It is generally advantageous for the optical structure to be arranged and/or designed in such a way that essentially the entire luminous flux, preferably the entire luminous flux of the lighting device impinges on the optical structure.

This allows the entire luminous flux to be used for modification of the original light pattern.

It is especially advantageous for the optical structure to be arranged and/or designed in such a way that it is essentially homogeneously illuminated.

Finally, the invention relates to one more lighting device with a east one, preferably exactly one, above-described optical structure.

For example, the lighting device is a projection system.

In this case, it is preferably provided that the lighting device comprises at least one light source, at least one reflector, and at least one lens, in particular a projector lens, and it preferably being provided that the at least one optical structure is arranged on the lens and/or on an additional cover plate or headlight lens.

However, it can also be provided that the lighting device is a reflecting system.

In this case it is advantageous for the lighting device to comprise at least one freeform reflector and at least one light source and at least one headlight lens and/or at least one cover plate, the at least one optical structure advantageously being arranged on the at least one headlight lens and/or at least one cover plate and/or an additional cover plate or headlight lens.

The invention is described detail below using the drawing. The figures are as follows:

FIG. 1 a schematic representation of a prior art projection module;

FIG. 2 a schematic representation of a prior art reflection module;

FIG. 3 a schematic representation of a projection module with an inventive optical structure on the outside of a lens;

FIG. 4 a schematic representation of a reflection module with an inventive optical structure on the outside of a cover plate or headlight lens;

FIG. 5 a schematic representation of a projection module with an inventive optical structure on an additional optical element such as a glass pane;

FIG. 6 a schematic representation of a reflection module with an inventive optical structure on an additional optical element such as a glass pane;

FIG. 7 a “conventional” unmodified low beam pattern produced with a prior art lighting device;

FIG. 7a individual light spots taken from areas produced by a prior art lighting device;

FIG. 7b a larger number of light spots as shown in FIG. 7a;

FIG. 8 a modified low beam pattern produced with a lighting device having an inventive optical structure;

FIG. 8a the light spots from FIG. 7a, modified according to a spread function for combined gradient softening and production of a sign light;

FIG. 8b the light spots from FIG. 7b, correspondingly modified with the spread function;

FIG. 9 a three-dimensional view of a lens with an optical structure, an enlarged representation of a detail of the lens, and furthermore an even more enlarged detail of the already enlarged detail;

FIG. 10 a hexagonal grid structure;

FIG. 11 the grid structure shown in FIG. 10, occupied with optical structural elements having a circular base;

FIG. 12 an enlarged representation of the optical structure from FIG. 11 in the area of an optical structural element;

FIG. 13 a schematic diagram of a hexagonal arrangement of optical structural elements (microstructures) with a circular base and a light pattern produced with it;

FIG. 14 a light pattern built of square light segments, and their projection shown through an optical structure such as in FIG. 13;

FIG. 15 a grid structure on a defined surface, on which the optical structural elements of an inventive optical structure are arranged;

FIG. 16 a top view of the grid from FIG. 15 in the area of an optical structural element along with directly bordering structural elements;

FIG. 17 a perspective view of the detail in FIG. 16;

FIG. 18 a section along the line A-A in FIG. 16;

FIG. 19 a section along the line B-B in FIG. 16;

FIG. 20 a purely schematic illustration of the effects of a structural element having a square base area on a light pattern;

FIG. 21 an unmodified light pattern built from square light segments and the projection of the luminous flux forming this light pattern by means of an optical structure with square structural elements; and

FIG. 22 the schematic course of the luminous intensity in an unmodified and in a modified light pattern.
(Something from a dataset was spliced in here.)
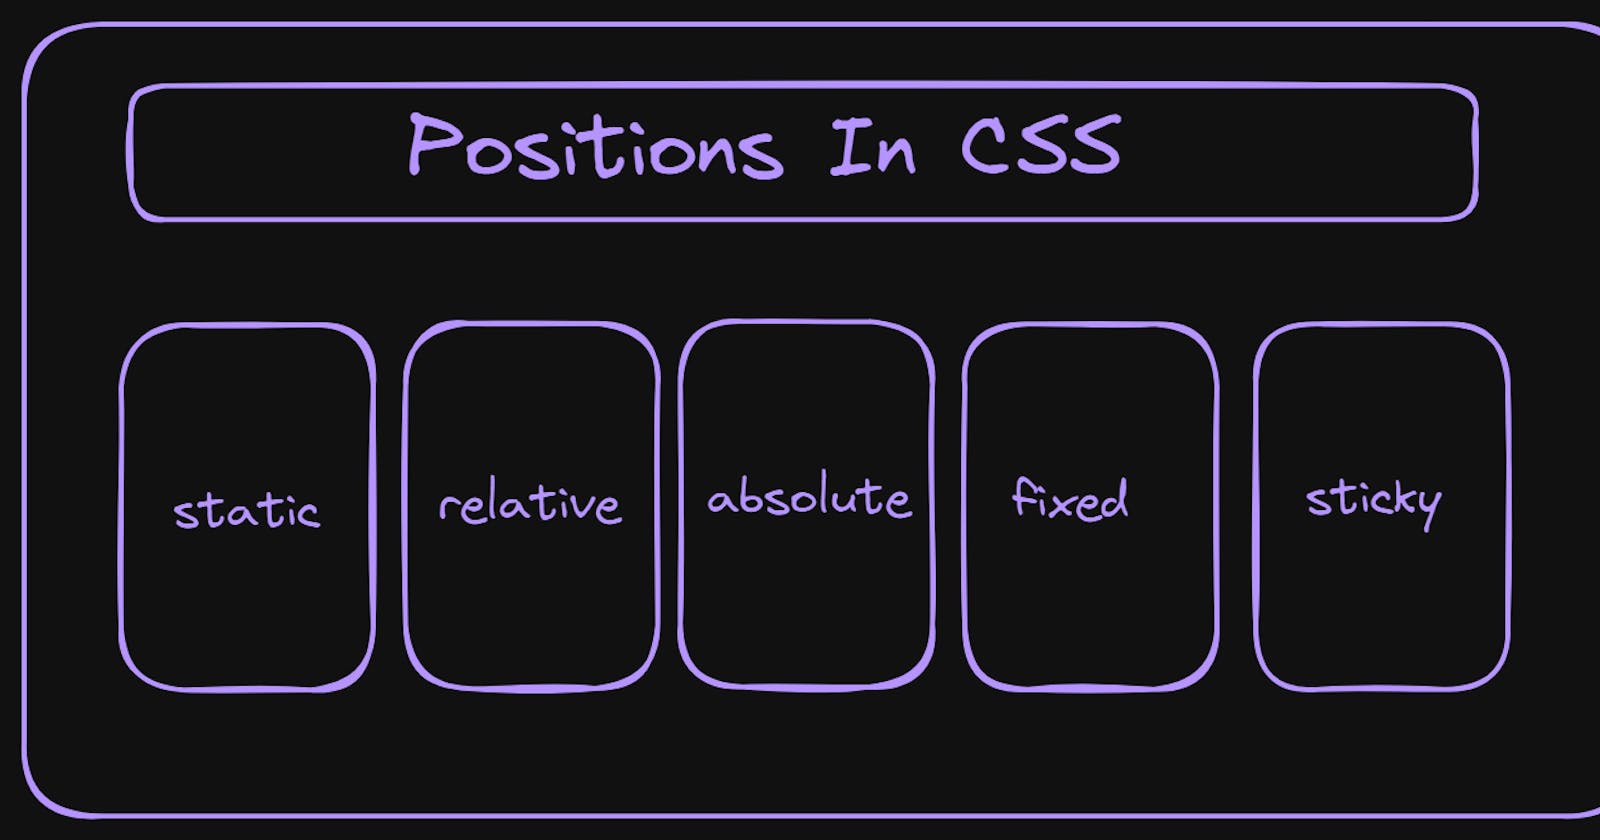 Positions In CSS

The following discussion will first refer to the FIGS. 1-6, which show the principle possibilities of arranging an inventive optical structure, without limiting the subject matter for which protection is sought. An inventive optical structure can also be used in other than the lighting devices for motor vehicles shown here.
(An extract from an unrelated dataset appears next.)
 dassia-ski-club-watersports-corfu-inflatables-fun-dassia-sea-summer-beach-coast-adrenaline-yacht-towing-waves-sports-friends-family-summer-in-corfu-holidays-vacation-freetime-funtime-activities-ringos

FIG. 1 schematically shows a lighting device 1 in the form of a projection system, with a reflector 2, a light source 3, an (optional) diaphragm arrangement 4, and a projector lens 5, with a curved outside 5a and a planar inside 5b.

FIG. 2 schematically shows a lighting device 1 in the form of a reflecting system, with a reflector 2, a light source 3, and a headlight lens or cover plate 6, and reference numbers 6a and 6b referring to the outside and inside of the glass pane 6.

FIG. 3 is a schematic representation of the projection system from FIG. 1, wherein an inventive optical structure 100 is arranged on the outside of a lens 5. This optical structure 100 preferably occupies the entire outside 5a of the lens 5.

FIG. 4 shows a schematic representation of the reflection module from FIG. 2 with an inventive optical structure 100 on the outside of a cover plate or headlight lens 6, wherein the optical structure preferably occupies the entire outside of the glass pane 6.

FIG. 5 once again shows a schematic representation of a projection module 1, as shown in FIG. 1, with an inventive optical structure 100 on an additional optical element such as a glass pane, wherein the optical element is arranged between the diaphragm 4 and the lens 5.

Finally, FIG. 6 shows one more schematic representation of a reflection module from FIG. 2, with an inventive optical structure 100 on an additional optical element such as a glass pane, which is arranged between the light source 3 and the headlight lens or cover plate 6.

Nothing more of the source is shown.